** Opening Supplied data block **

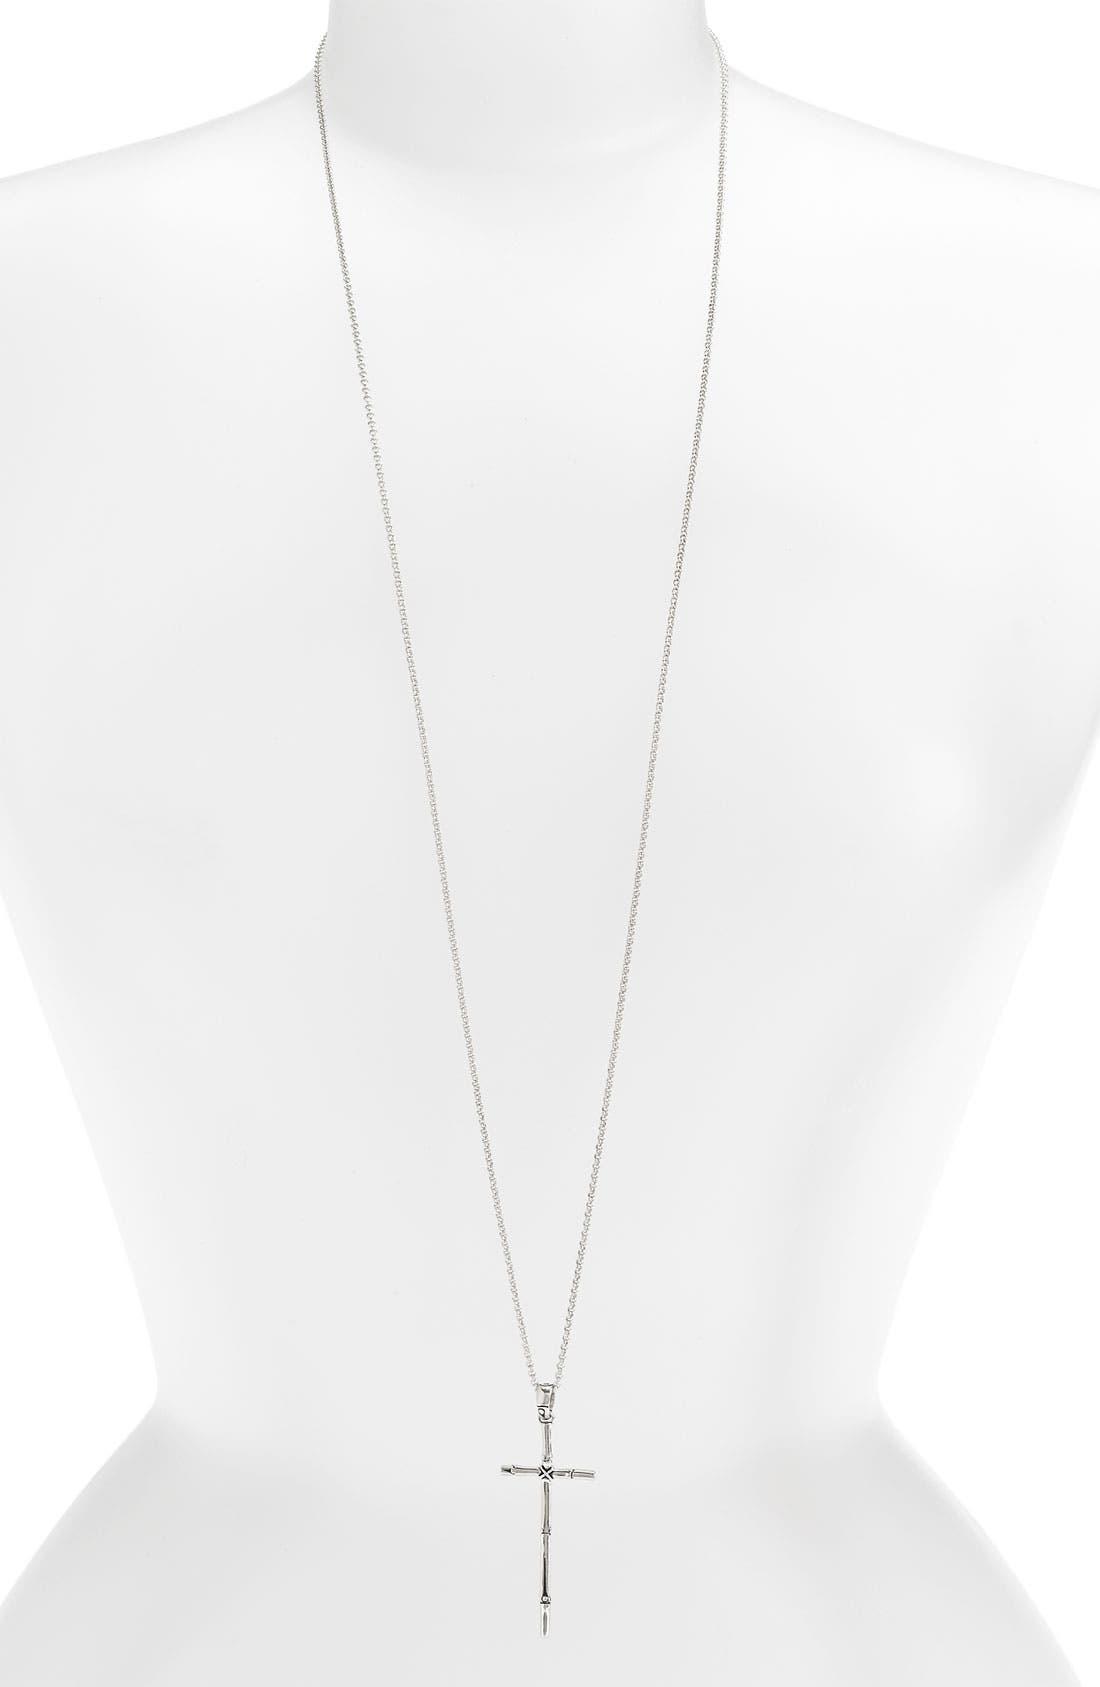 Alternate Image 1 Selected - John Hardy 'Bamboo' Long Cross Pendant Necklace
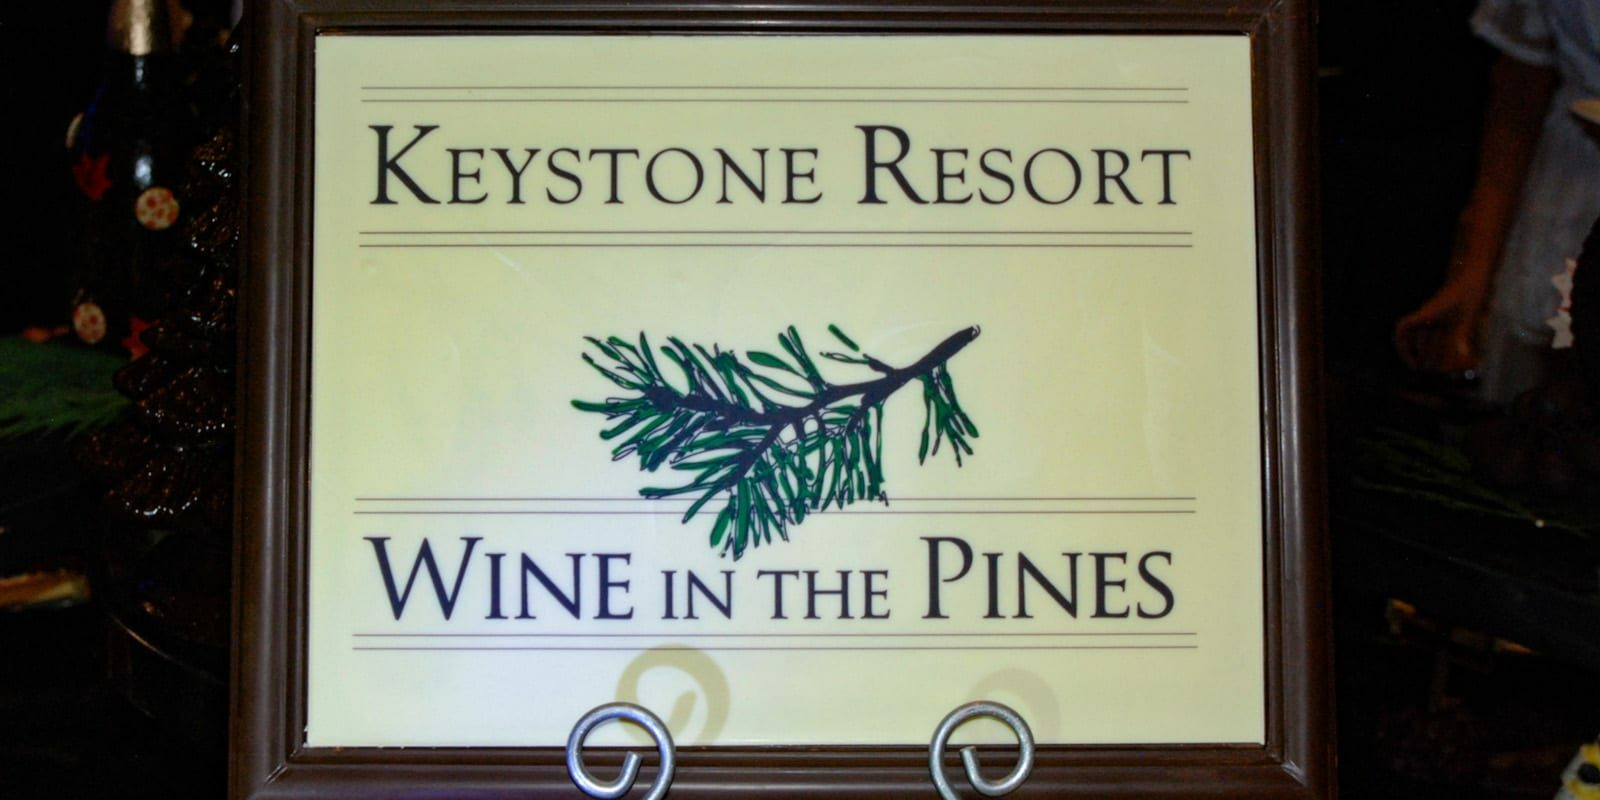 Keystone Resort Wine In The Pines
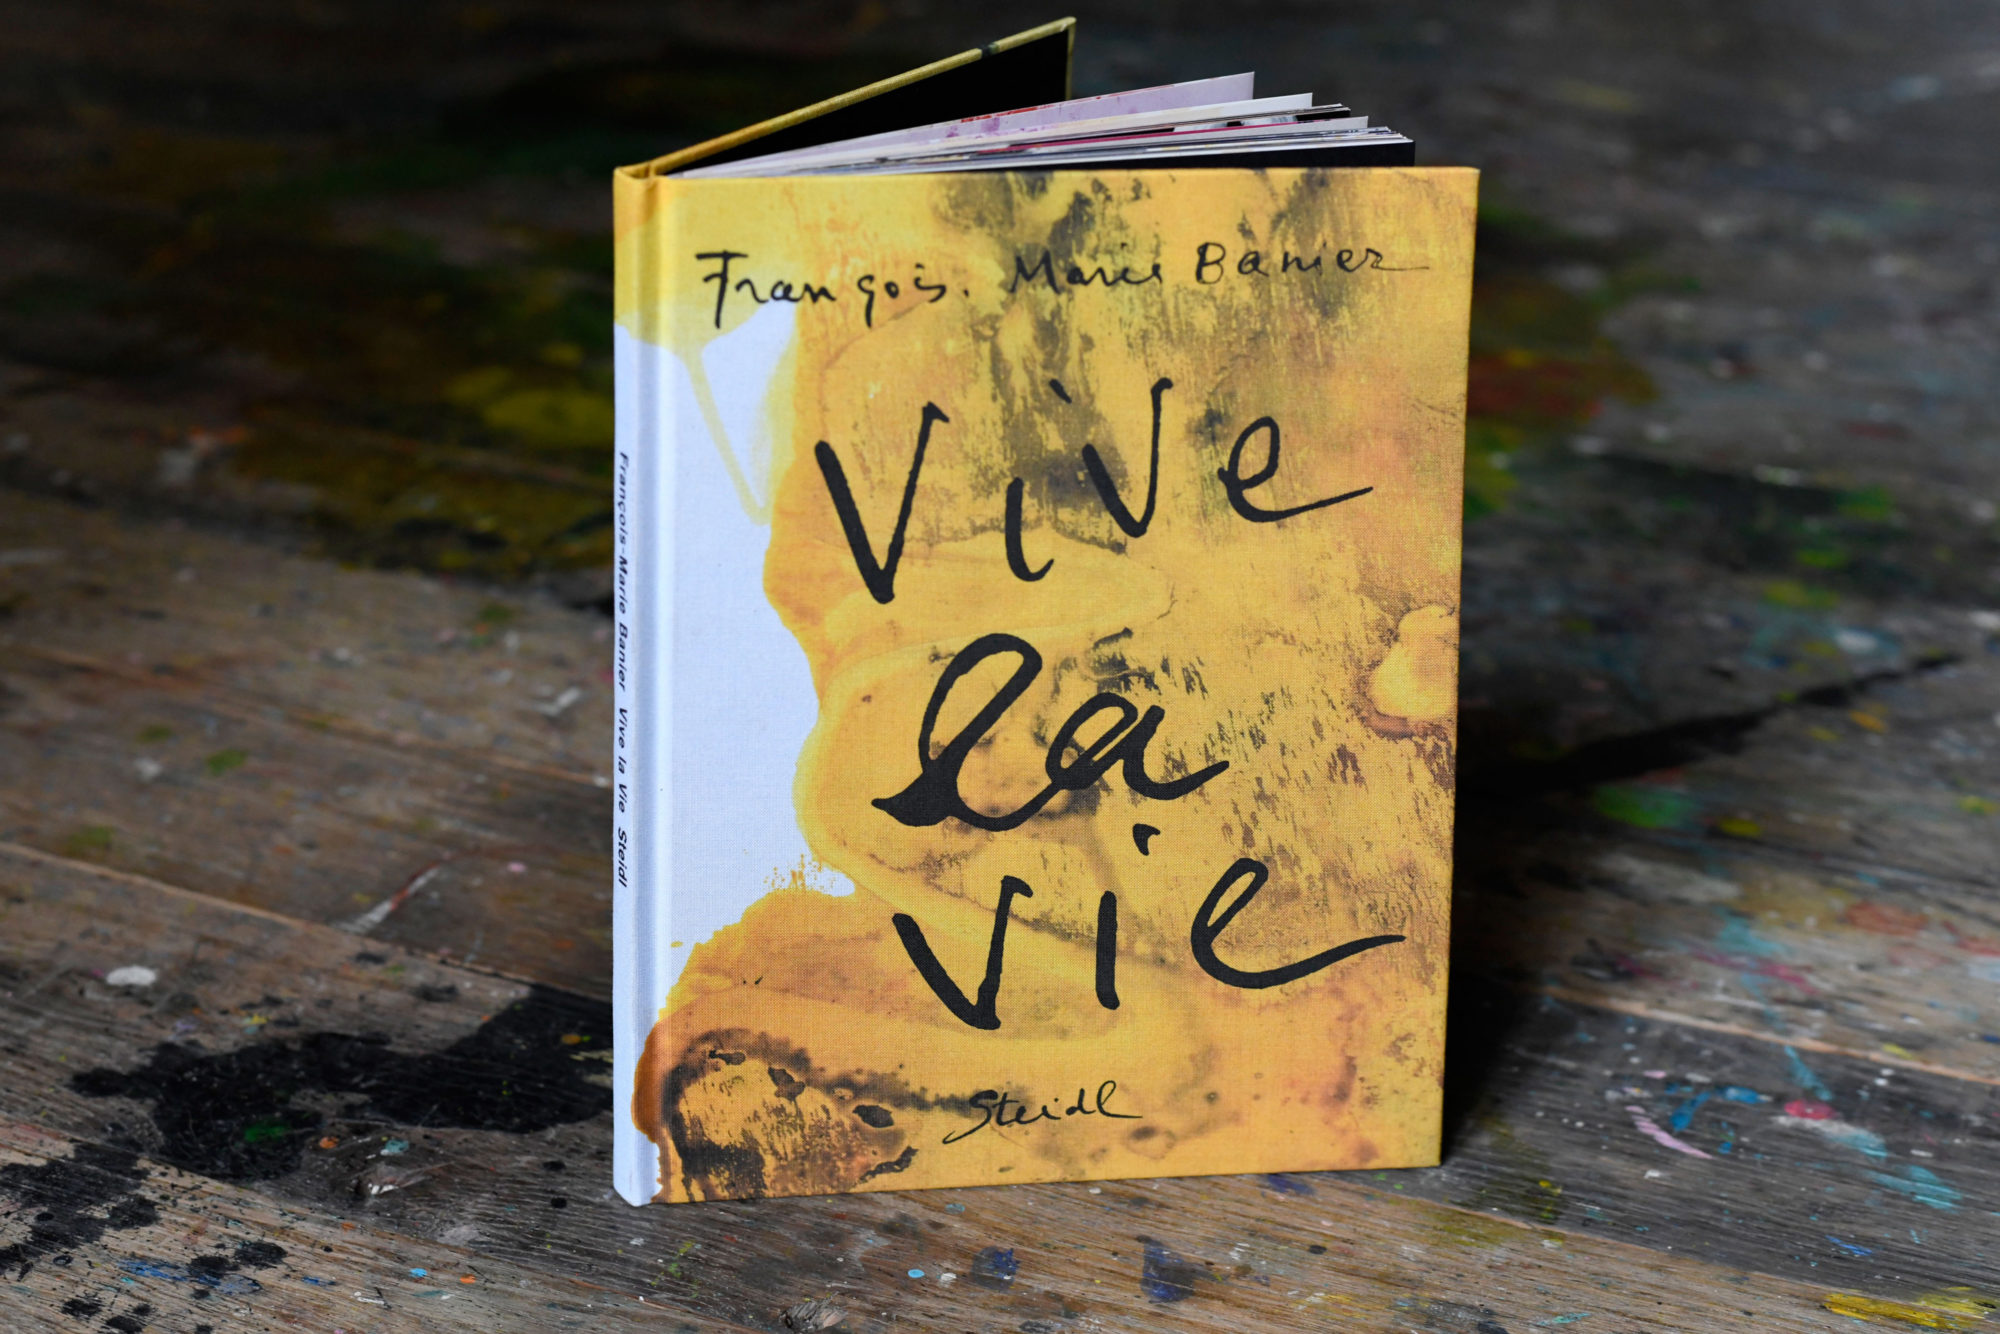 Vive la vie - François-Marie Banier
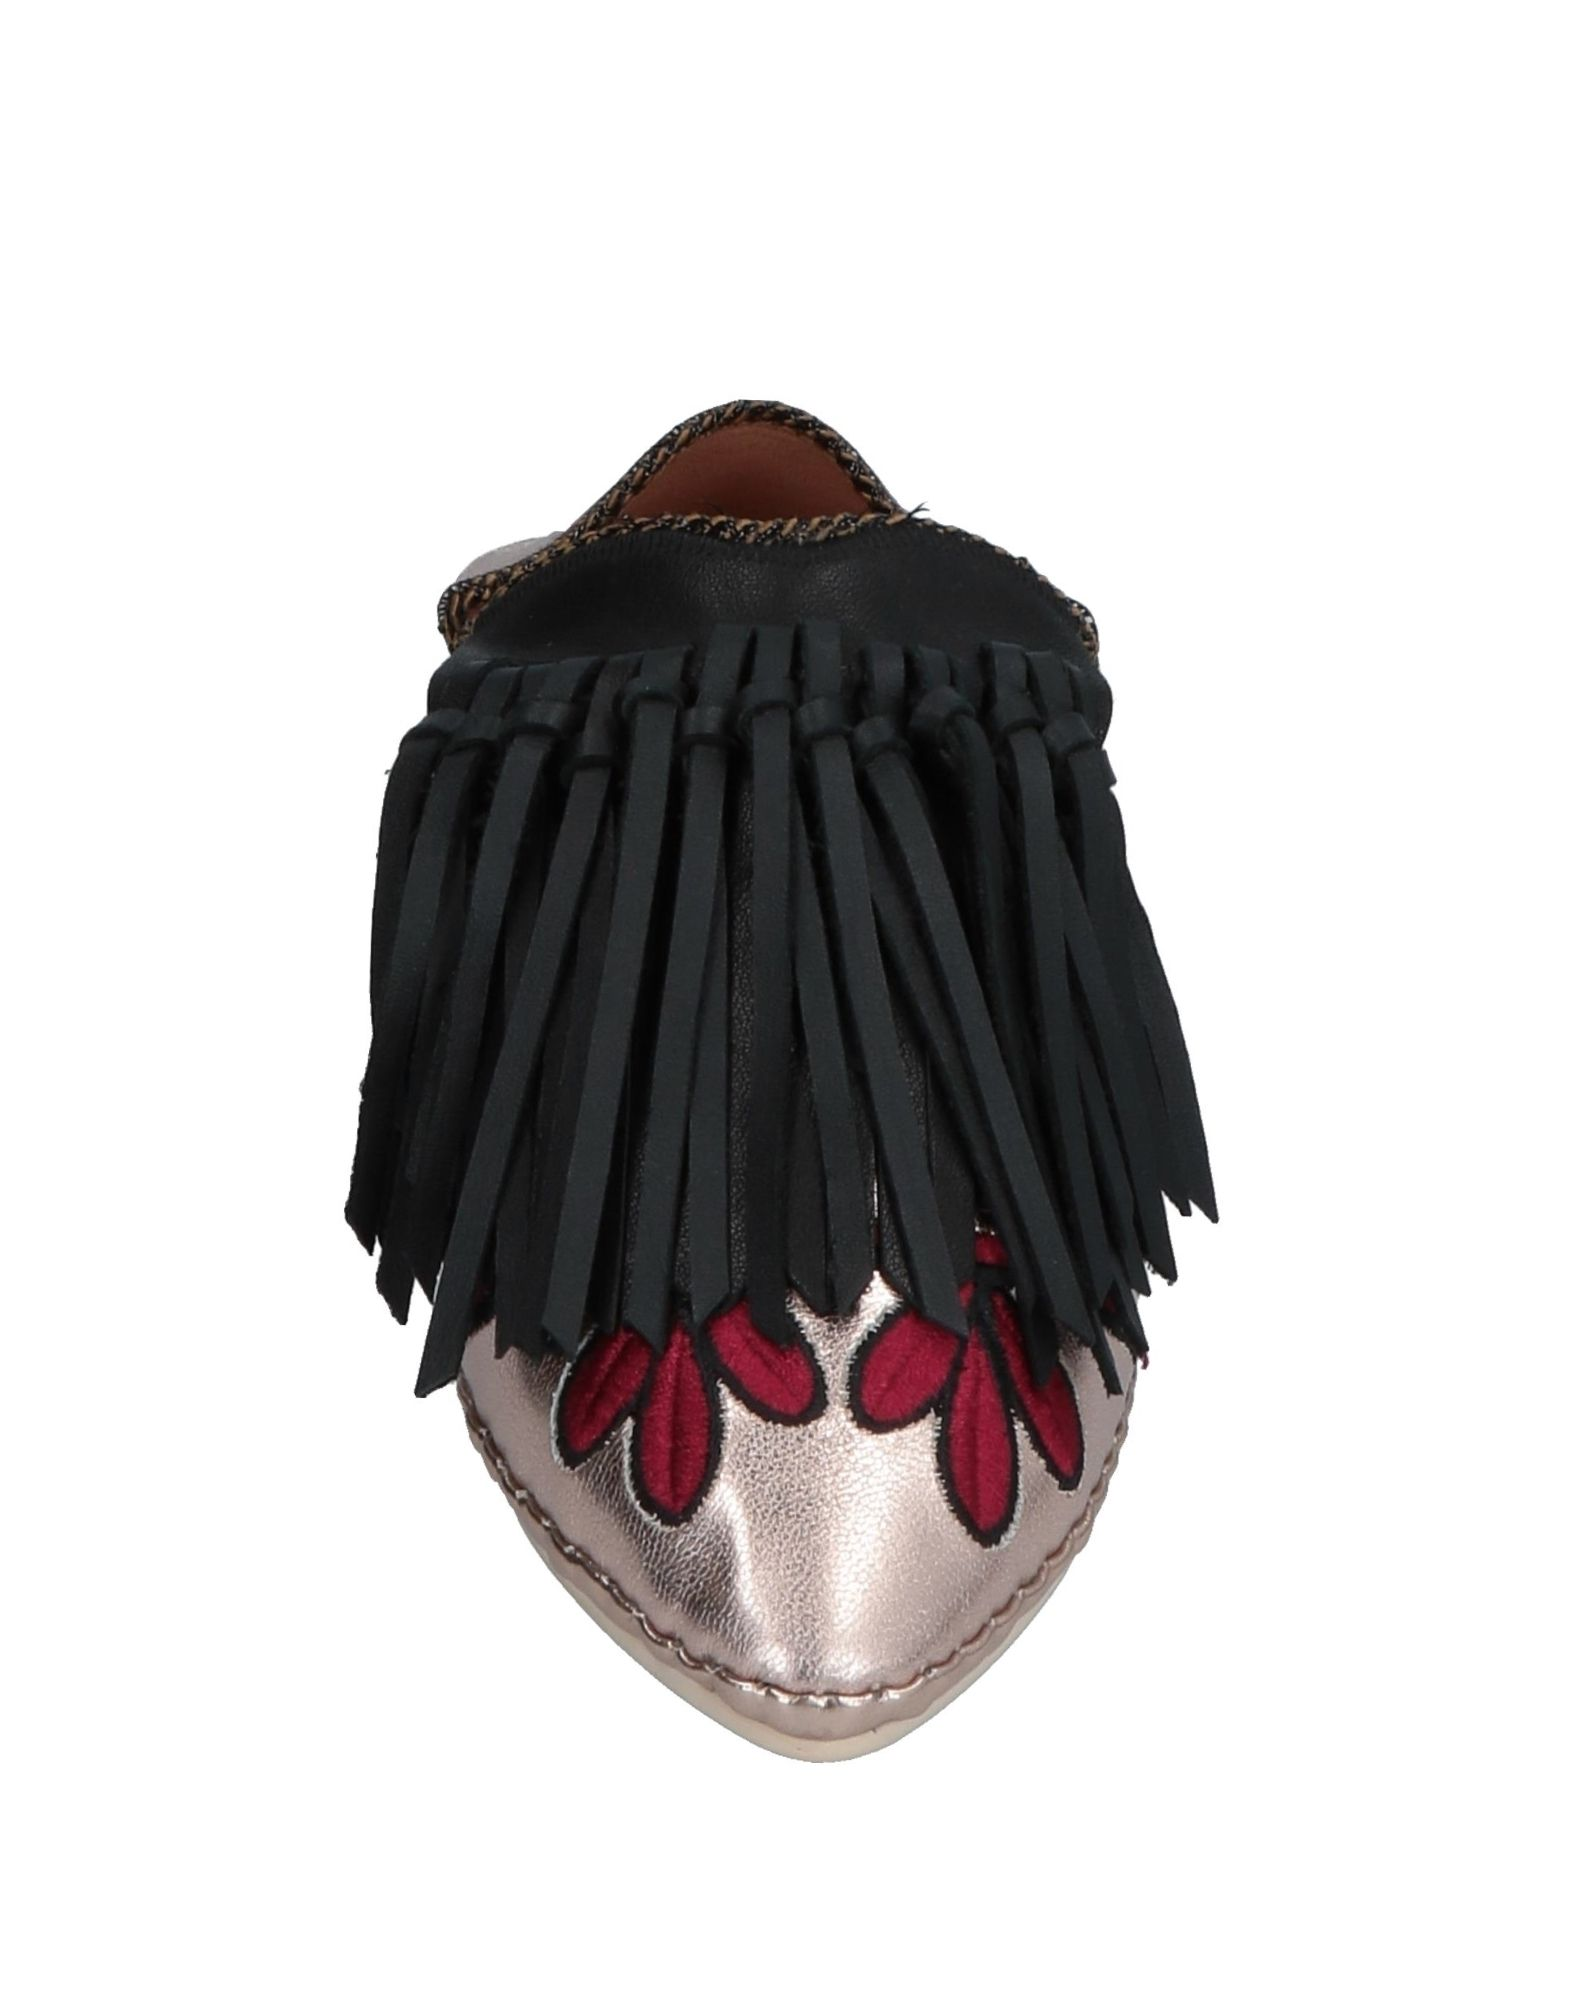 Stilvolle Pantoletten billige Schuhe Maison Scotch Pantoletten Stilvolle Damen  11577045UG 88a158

** Closing Supplied data block **

▶ [What to produce] Repeat the data word for word, minus any pictures.

▶ [Reply]
 Alternate Image 1 Selected - John Hardy 'Bamboo' Long Cross Pendant Necklace
 Keystone Resort Wine In The Pines
 Vive la vie - François-Marie Banier
 Stilvolle Pantoletten billige Schuhe Maison Scotch Pantoletten Stilvolle Damen  11577045UG 88a158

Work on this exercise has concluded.